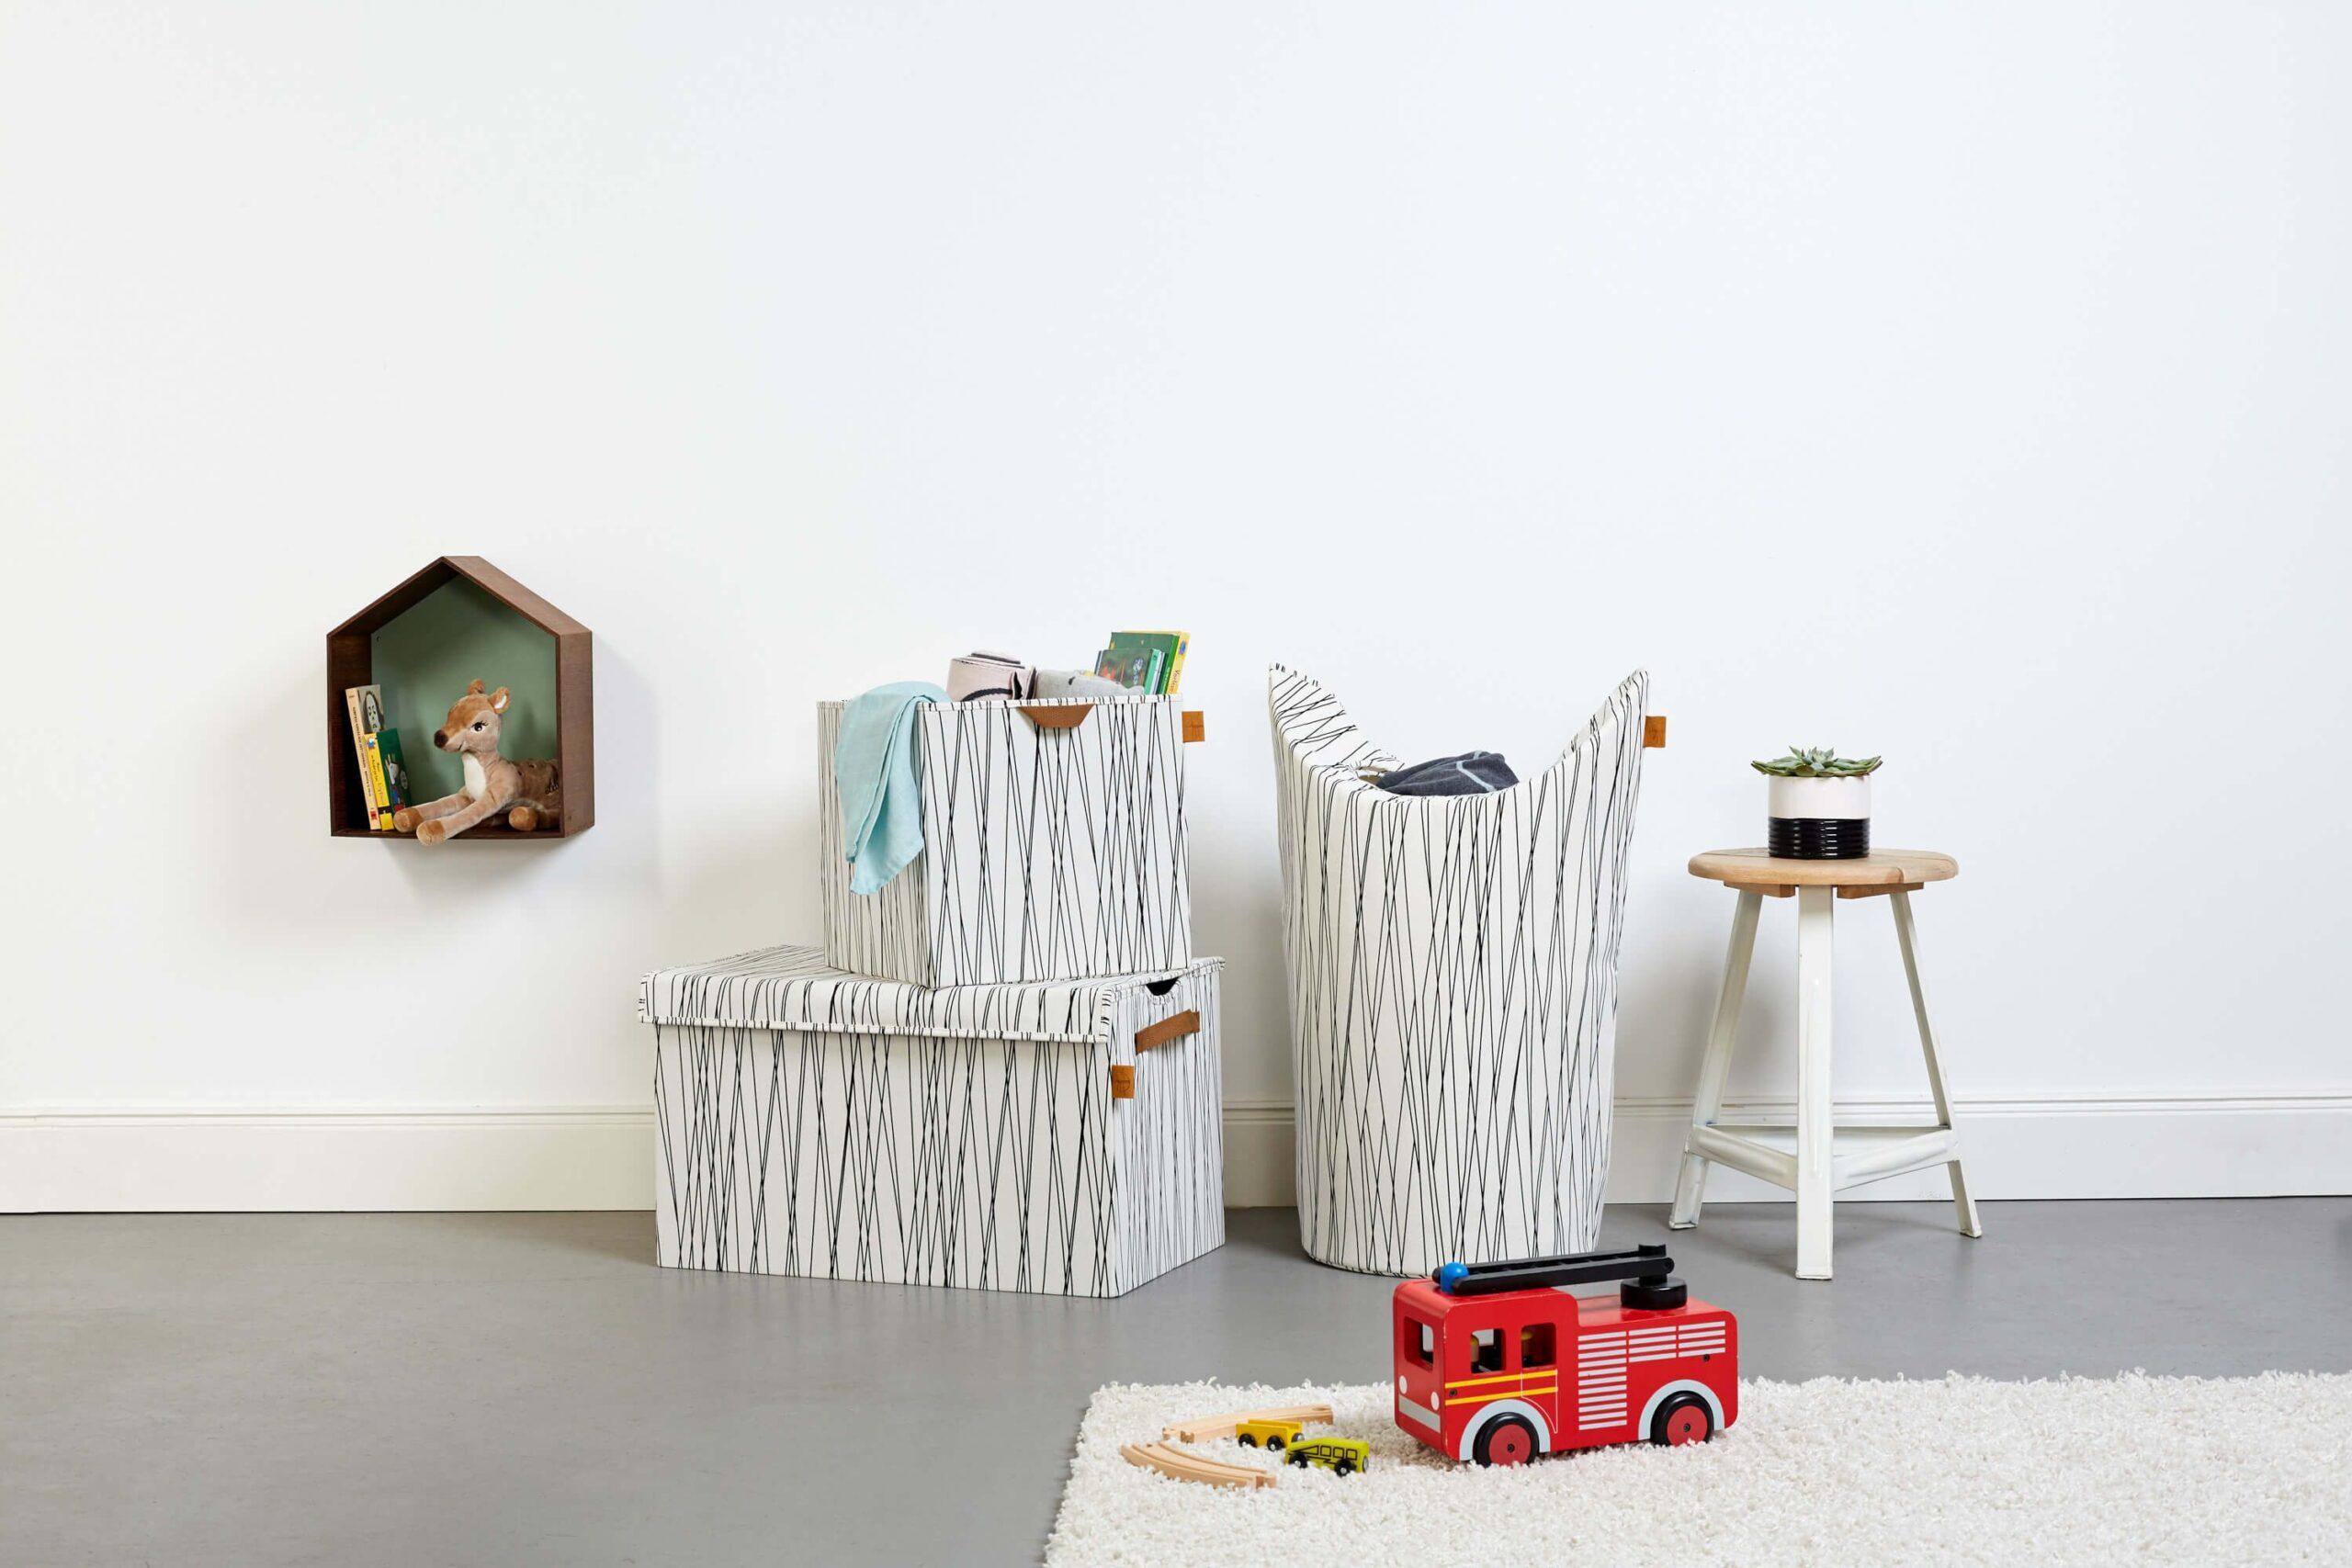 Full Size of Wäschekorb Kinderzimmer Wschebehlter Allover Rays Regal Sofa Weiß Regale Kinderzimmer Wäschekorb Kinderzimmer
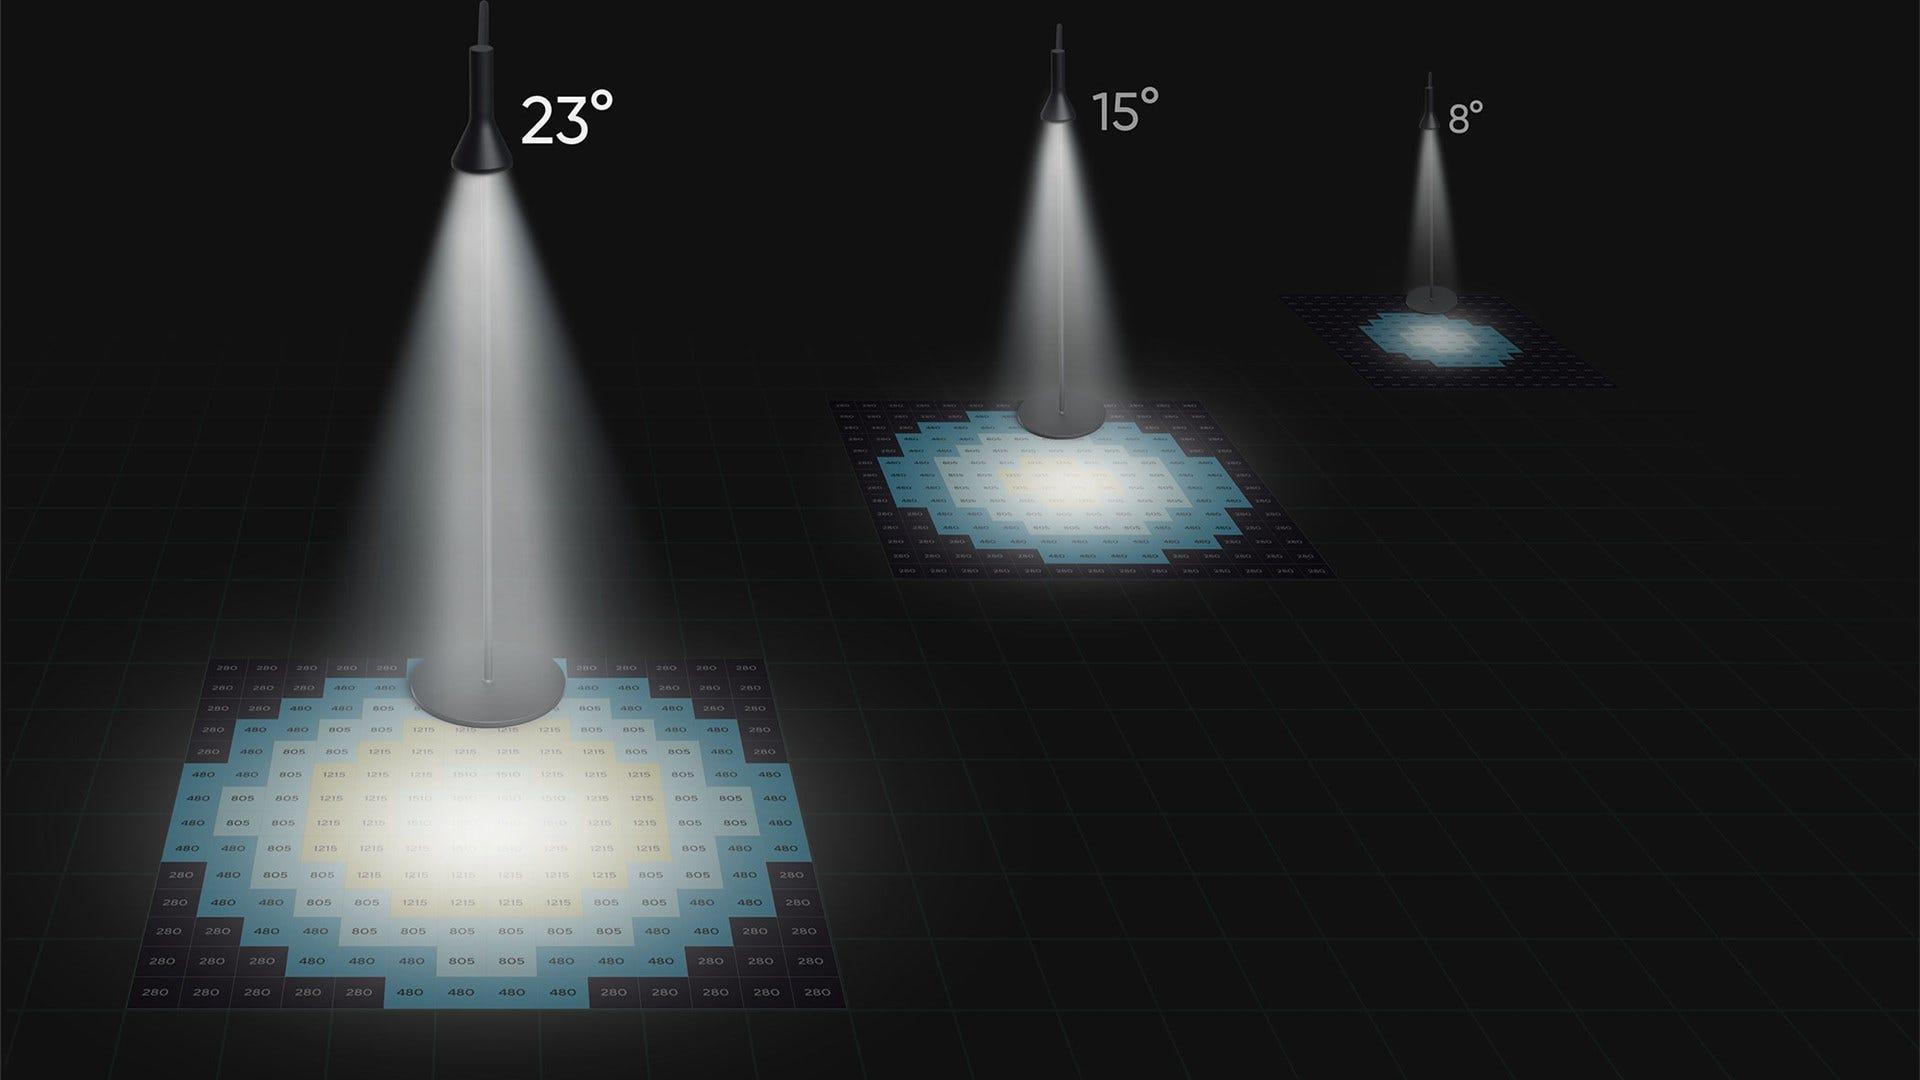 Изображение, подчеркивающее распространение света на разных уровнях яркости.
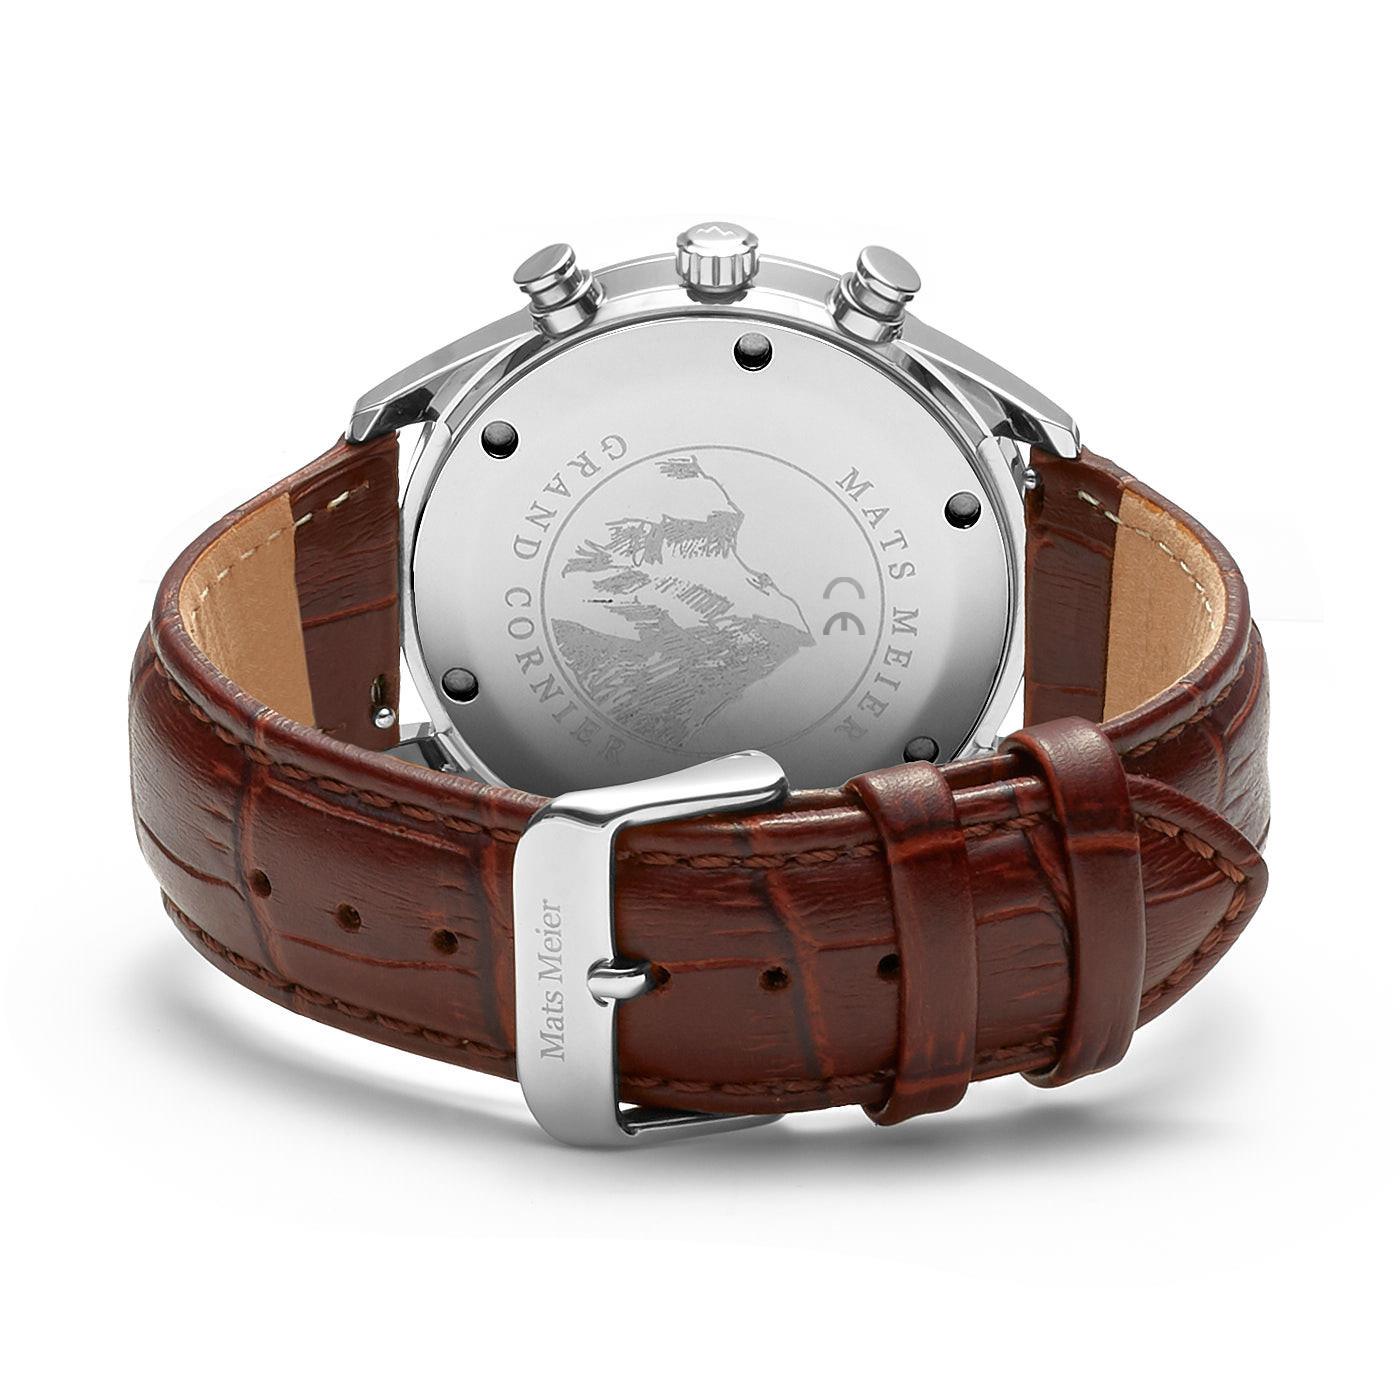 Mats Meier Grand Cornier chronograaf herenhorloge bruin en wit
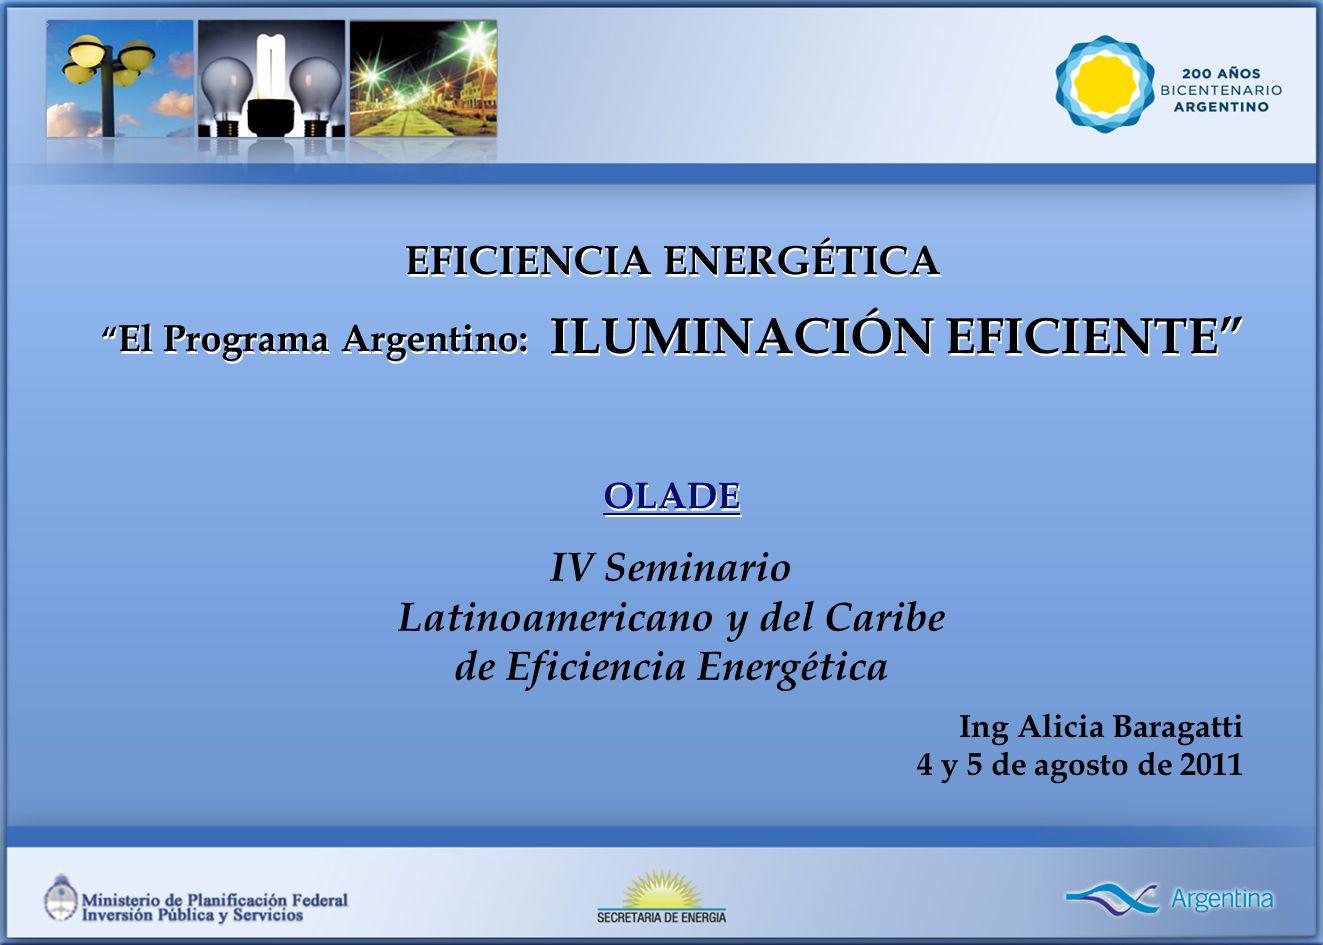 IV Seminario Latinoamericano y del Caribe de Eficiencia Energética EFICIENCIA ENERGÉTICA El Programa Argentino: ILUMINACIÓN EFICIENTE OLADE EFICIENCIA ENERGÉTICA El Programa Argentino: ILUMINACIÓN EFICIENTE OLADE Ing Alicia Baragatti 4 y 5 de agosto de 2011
++++
#### Task to carry out:
Give back, unaltered, each line of the listing from the first to the line that contains "Mats Meier Grand", leaving every picture out.

#### Answer below:
 Full Size of Wäschekorb Kinderzimmer Wschebehlter Allover Rays Regal Sofa Weiß Regale Kinderzimmer Wäschekorb Kinderzimmer
 Изображение, подчеркивающее распространение света на разных уровнях яркости.
 Mats Meier Grand Cornier chronograaf herenhorloge bruin en wit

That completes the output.